* PROVIDED MATERIAL:
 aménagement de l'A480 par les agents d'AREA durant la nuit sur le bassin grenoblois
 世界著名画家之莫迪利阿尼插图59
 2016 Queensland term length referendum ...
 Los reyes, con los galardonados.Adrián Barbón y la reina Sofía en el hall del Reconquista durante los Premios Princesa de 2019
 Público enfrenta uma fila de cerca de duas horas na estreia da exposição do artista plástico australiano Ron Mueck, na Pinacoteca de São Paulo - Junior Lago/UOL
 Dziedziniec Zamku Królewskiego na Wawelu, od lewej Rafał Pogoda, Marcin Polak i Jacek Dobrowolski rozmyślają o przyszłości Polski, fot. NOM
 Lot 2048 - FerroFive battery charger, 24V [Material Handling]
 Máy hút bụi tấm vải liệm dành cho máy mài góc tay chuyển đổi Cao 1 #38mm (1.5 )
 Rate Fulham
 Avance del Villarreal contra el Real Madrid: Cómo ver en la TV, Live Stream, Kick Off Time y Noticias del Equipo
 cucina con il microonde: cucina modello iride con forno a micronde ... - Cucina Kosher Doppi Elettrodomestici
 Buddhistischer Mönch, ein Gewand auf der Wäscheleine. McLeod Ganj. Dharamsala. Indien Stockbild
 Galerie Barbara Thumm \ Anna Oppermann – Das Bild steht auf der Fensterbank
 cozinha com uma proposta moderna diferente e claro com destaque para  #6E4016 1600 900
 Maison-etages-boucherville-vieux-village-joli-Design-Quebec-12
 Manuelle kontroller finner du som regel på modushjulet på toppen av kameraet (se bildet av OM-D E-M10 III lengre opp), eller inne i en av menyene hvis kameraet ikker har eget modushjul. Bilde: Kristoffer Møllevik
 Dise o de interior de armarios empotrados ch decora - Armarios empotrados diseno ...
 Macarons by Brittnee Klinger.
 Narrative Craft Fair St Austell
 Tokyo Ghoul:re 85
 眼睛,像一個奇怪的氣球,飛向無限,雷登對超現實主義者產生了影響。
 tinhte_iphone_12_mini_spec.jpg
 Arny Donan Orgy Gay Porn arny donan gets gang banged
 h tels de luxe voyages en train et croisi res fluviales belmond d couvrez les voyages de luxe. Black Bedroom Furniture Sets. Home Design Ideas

* TASK REQUIREMENTS:
Say how many lines of the data above have the string "Design" in them, and write nothing besides that number.

* EXERCISE SOLUTION:
2